Another critical ingredient in beating shame is to have a proper understanding of worthiness. More specifically we need to remember that worthiness has no prerequisites. In other words, we need to remember and believe that love, connection, and belonging are a birth right of every human being, and that no one should have to prove their worthiness to the world. This step can be particularly difficult to achieve in modern society, because our societies have become obsessed with performance and productivity, to the extent that a person’s value has become almost entirely attached to their productivity, and to the extent that constant exhaustion has become an indicator of a person’s value. These are ideals that heavily promote a culture of shame, especially in the workplace and in academic institutions.

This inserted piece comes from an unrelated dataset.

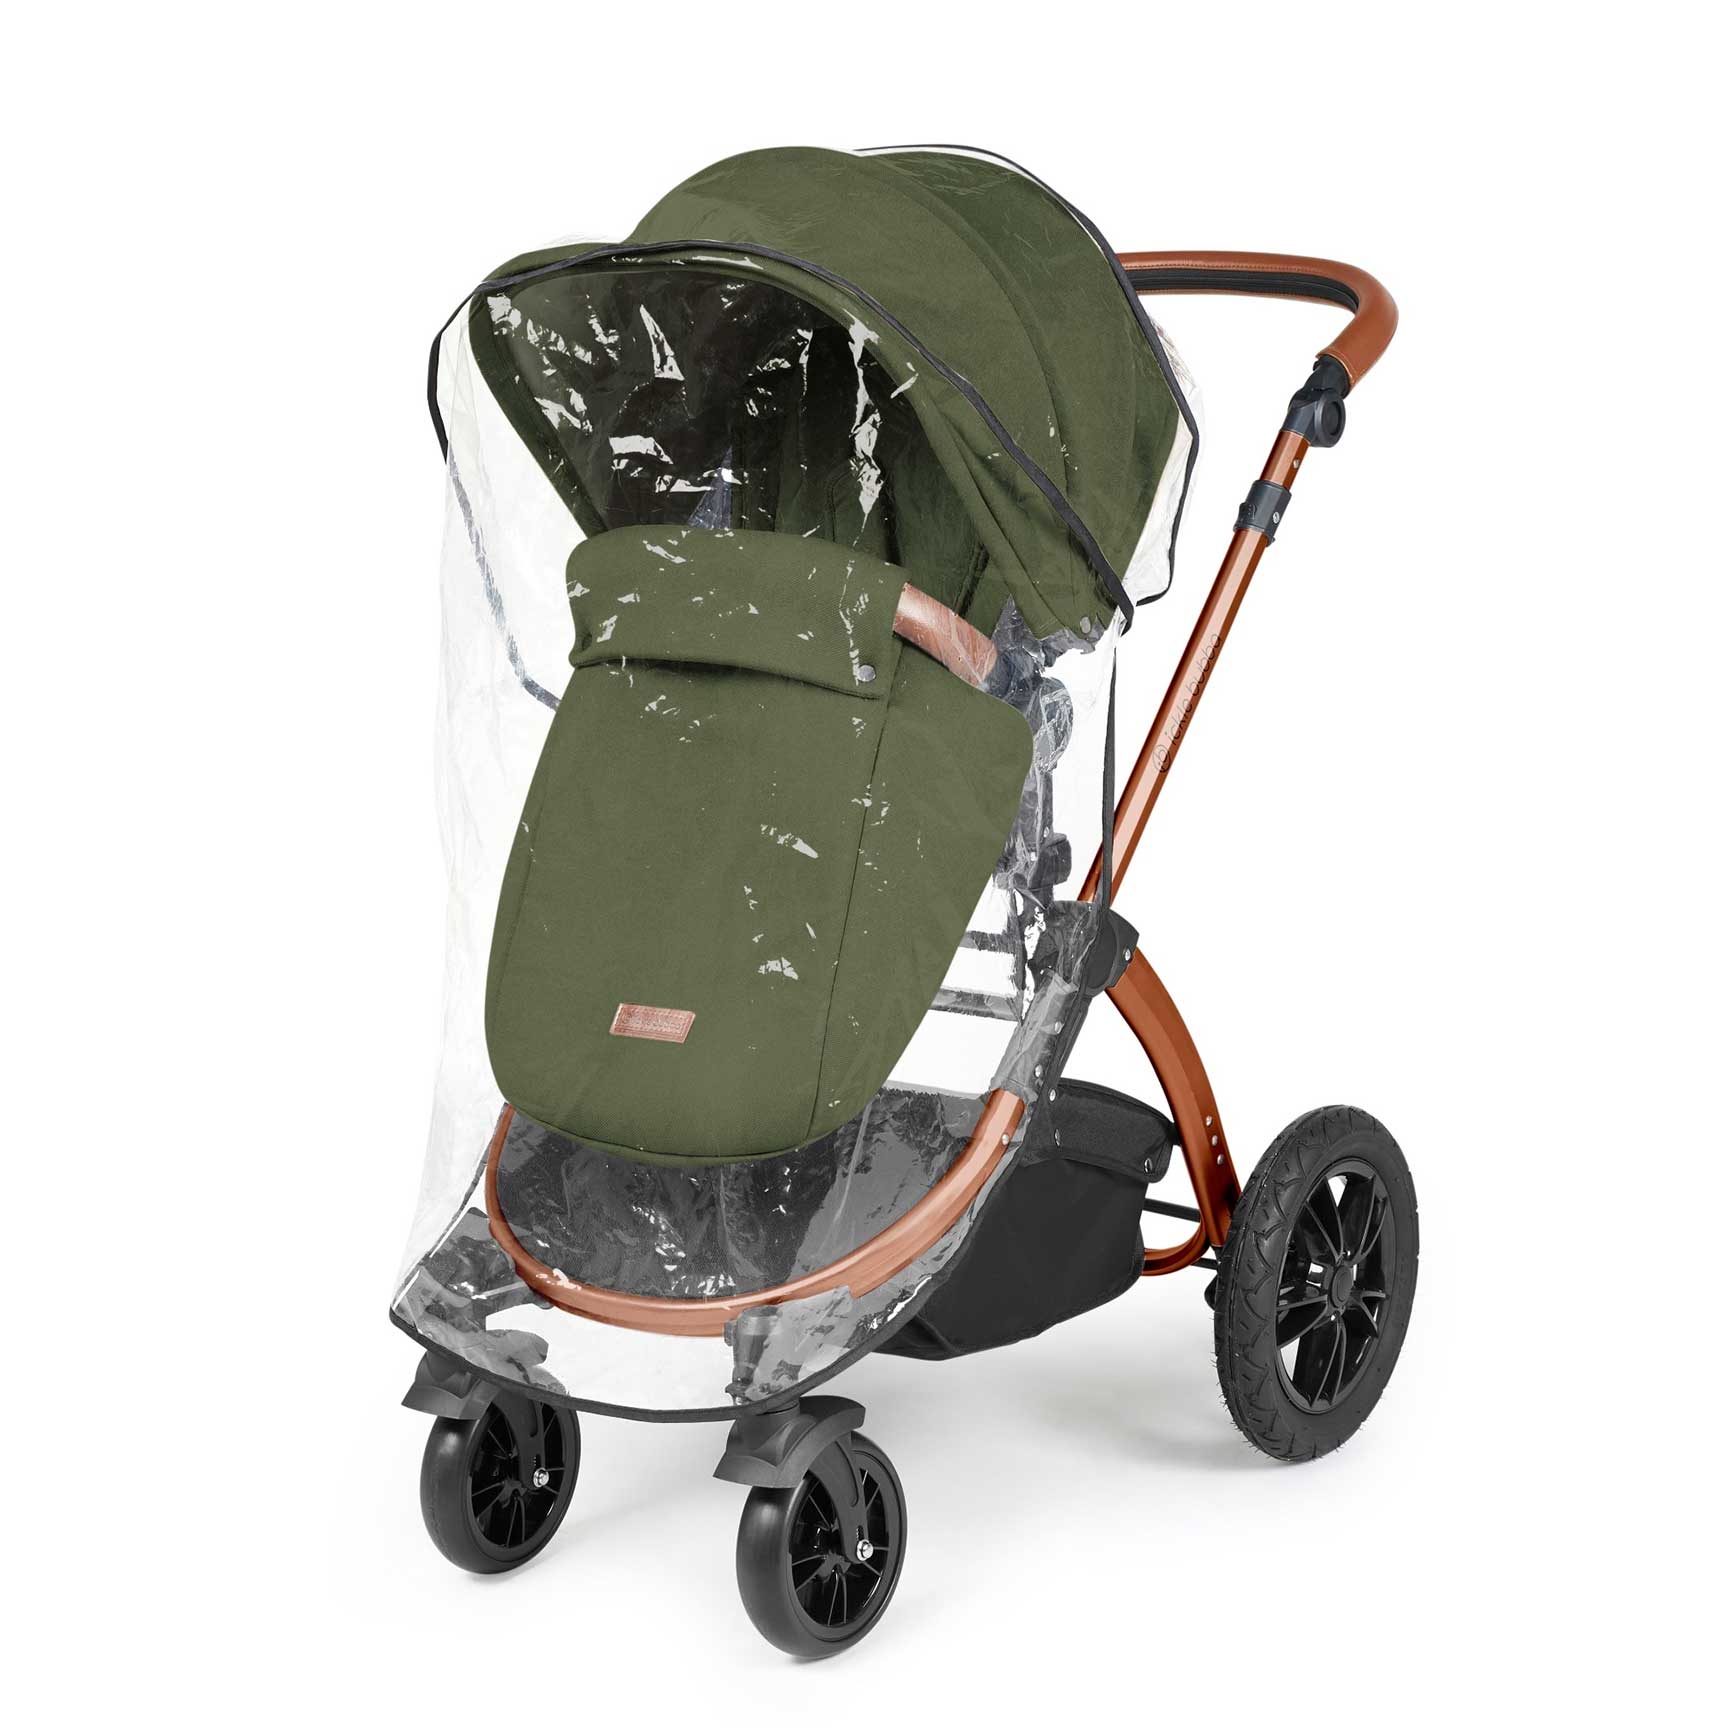 Ickle Bubba travel systems Ickle Bubba Stomp Luxe All-in-One Travel System with Isofix Base - Bronze/Woodland/Tan 10-011-300-022

We, as individuals and societies, need to start learning how to swap shame for accountability. Instead of beating ourselves and each other up for our flaws and mistakes, we need to learn how to separate them from our sense of self-worth and, instead, take responsibility for them and hold ourselves and each other accountable for our actions not for who we are. This is part of developing the skill of self-compassion, which is the ability to be kind to ourselves when we mess up, remembering that everybody makes mistakes and that this is simply human nature. Then, and only then, when our worthiness is no longer on the line, we can move on to accountability and self-improvement. We will find it easier to apologize, make up for our mistakes, and do better next time, if we are not stressed out of our minds about maintaining or proving our worthiness.
Last but not least, as individuals and societies, we seriously need to rethink our values, traditions, and social norms. We must identify those beliefs, values, and traditions that create unnecessary shame and misery for people, and we should evaluate whether we really need to hold on to them or police people who wish not to hold on to them. We may discover that many of them bring us too much harm and no benefit, and that letting go of them may help to create a more shame-free, and thus happier and more successful, society.
Brown, B (2007). I Thought It Was Just Me: Women Reclaiming Power and Courage in a Culture of Shame. Gotham, USA.
Brown, B (2010). The Gifts of Imperfection: Let Go of Who You Think You’re Supposed to Be and Embrace Who You Are. Hazelden Publishing, USA.
Gilligan, J (2003). Shame, Guilt, and Violence. Social Research</em>, 70(4), 1149-1180. Retreived from http://www.jstor.org/stable/40971965>
Neff, K (2011). Self-Compassion: The Proven Power of Being Kind to Yourself. HarperCollins, New York, USA.
O'Connor, LE; Berry, JW; Inaba, D; Weiss, J; Morrison, A (1994). Shame, Guilt, and Depression in Men and Women in Recovery from Addiction. Journal of Substance Abuse Treatment, 11:503-510.